# How often do you brush?



## mswhipple (Mar 7, 2011)

I was just wondering... How often do other Vizsla owners brush their dog's coat? 

Must admit I probably don't do it often enough -- maybe once every week to ten days. But I do have high praise for this thing I use on Willie called a "Curry Brush" made by Four Paws. It is made of red rubber, and when I brush Willie I am always just amazed at how much loose fur comes off of him!! You wouldn't think, with such a close coat and all... Anyway, I just finished brushing him (always outside). ;D He always seem to enjoy it, too.


----------



## Emily1970 (Apr 21, 2011)

I brush about the same as you, but I've noticed that Riley doesn't really lose any hair. Is that normal?


----------



## mswhipple (Mar 7, 2011)

Well, I've come to believe that it has a lot to do with the grooming tool itself. When I used a regular dog brush, in the past, not nearly as much hair came out. The curry brush just does a really nice job of it... loosens it up and pulls it to the top of the coat. Then I just sweep it off onto the lawn with my hand, and my lawn mower guys do the rest.

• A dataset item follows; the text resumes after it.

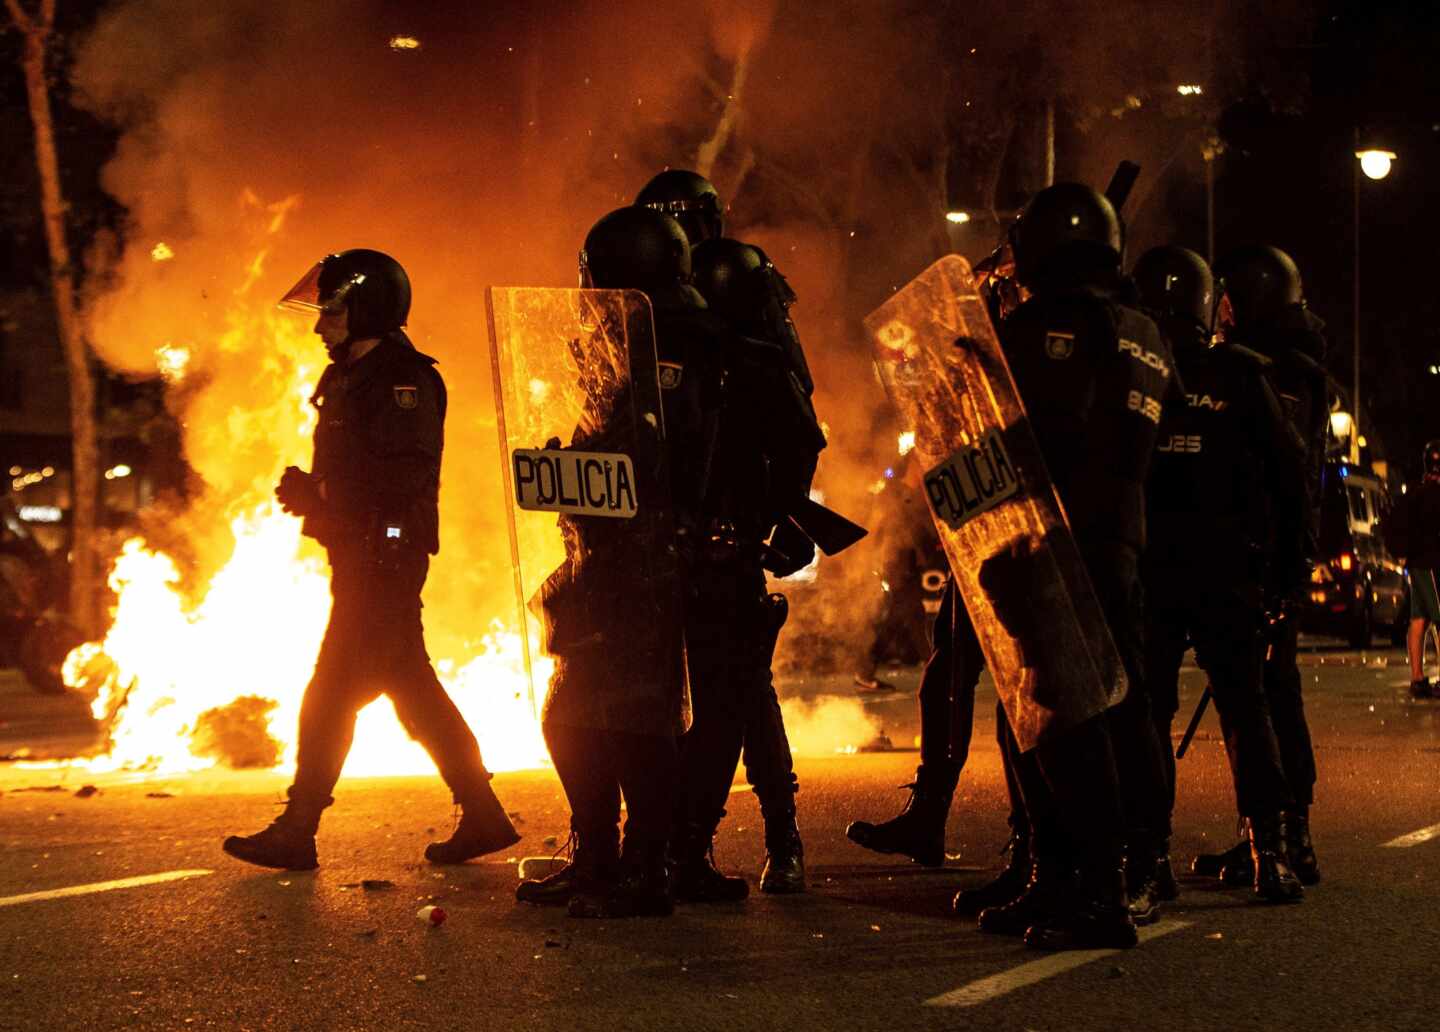 El Govern reconoce "grupos de personas violentas" en los disturbios de Barcelona

It's blowin' in the wind.


----------



## datacan (May 15, 2011)

We have a cat and it must be brushed almost twice a week, its labor intensive work so we are used to it. 
Sam, our 5 month old V on the other hand gets brushed almost daily it's part of our bonding ritual (2 minutes and it's done). 
My goal is to train him to bring the brush whenever he feels like having his coat pampered, though.


----------